Он рассмеялся. Его громкий раскатистый смех заставил нескольких человек повернуться в их сторону.
– Вы честны. Это чертовски редко в мире искусства, позвольте сказать. Да и в любом другом, если подумать. – Он перешел к следующей картине, и стал изучать ее с редкой скрупулезностью, почти уткнувшись носом в холст. – А почему вам не нравится?
– Ну… коричневый – не мой любимый цвет.
Новый взрыв хохота, еще громче. Баннермэн откинул голову – это движение могло бы показаться театральным в ком-нибудь, менее уверенным в себе. Он смеялся так, как будто весь мир служил его развлечению.

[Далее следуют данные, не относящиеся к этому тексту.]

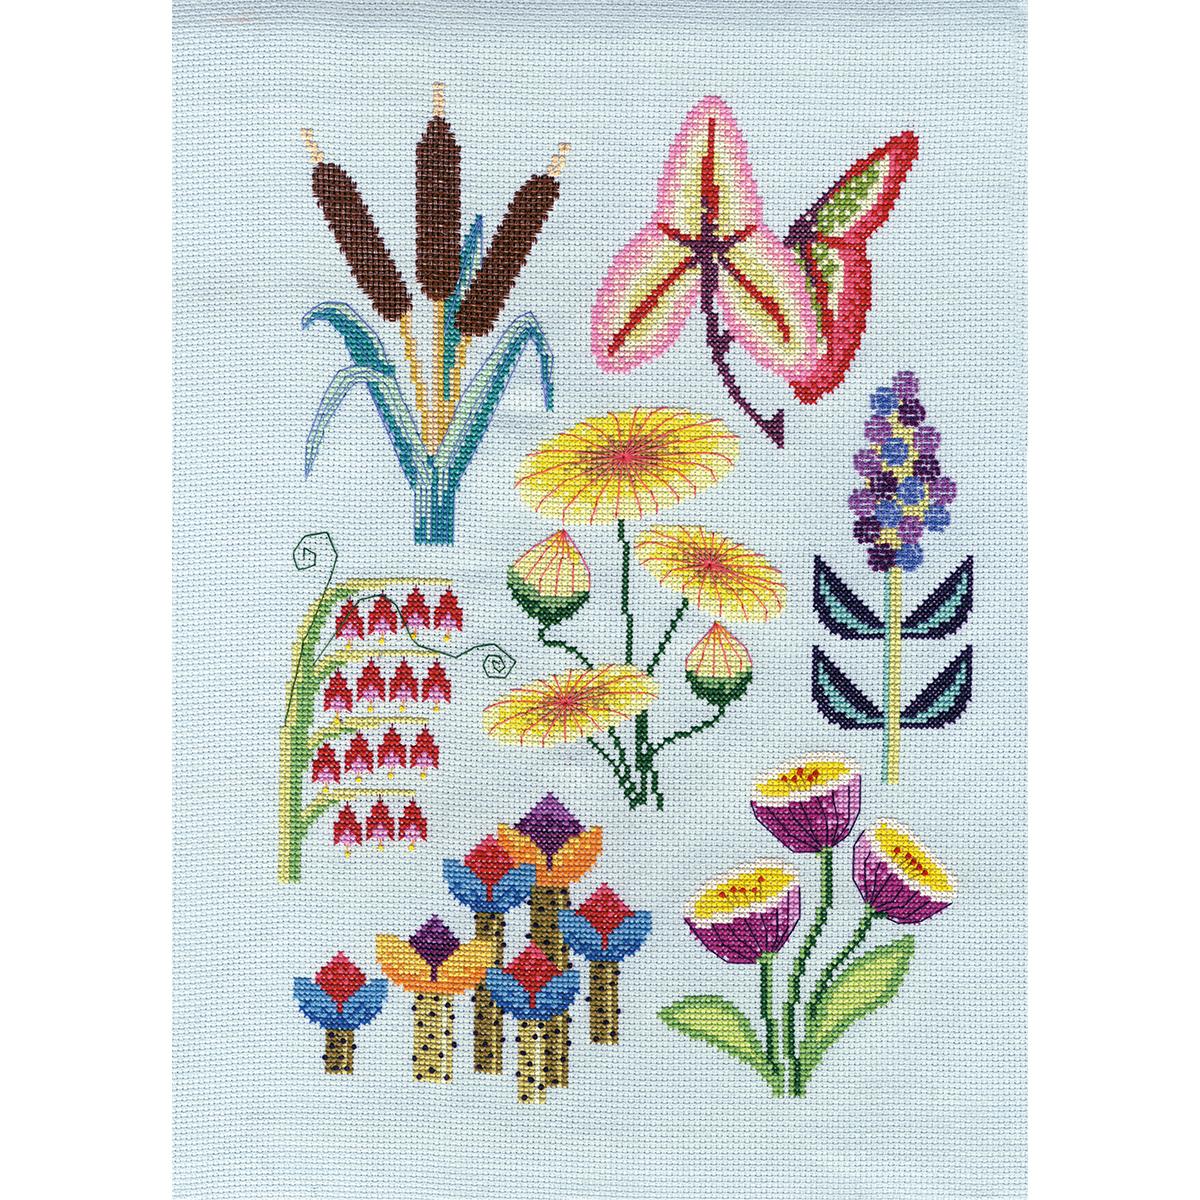 Seaside botanical cross stitch kit by Emily Peacock

– Не ваш любимый цвет? – прогремел он. – Честно говоря, и не мой, так что у нас есть нечто общее. – Он посмотрел на нее, его синие глаза отразили определенный интерес – а, возможно, это был трюк опытного политикана, смотреть на кого-то так, будто он -или она – важнейший человек на свете. Во взгляде Баннермэна угадывалась личность, с которой нелегко приходится глупцам, незнакомцам, или людям, не соответствующим его стандартам. – А к а к о й ваш любимый, мисс Уолден?
Она не была уверена, что такой у нее вообще есть, но легко было догадаться, что терпимость Артура Баннермэна по отношению к неопределенным взглядам равна нулю.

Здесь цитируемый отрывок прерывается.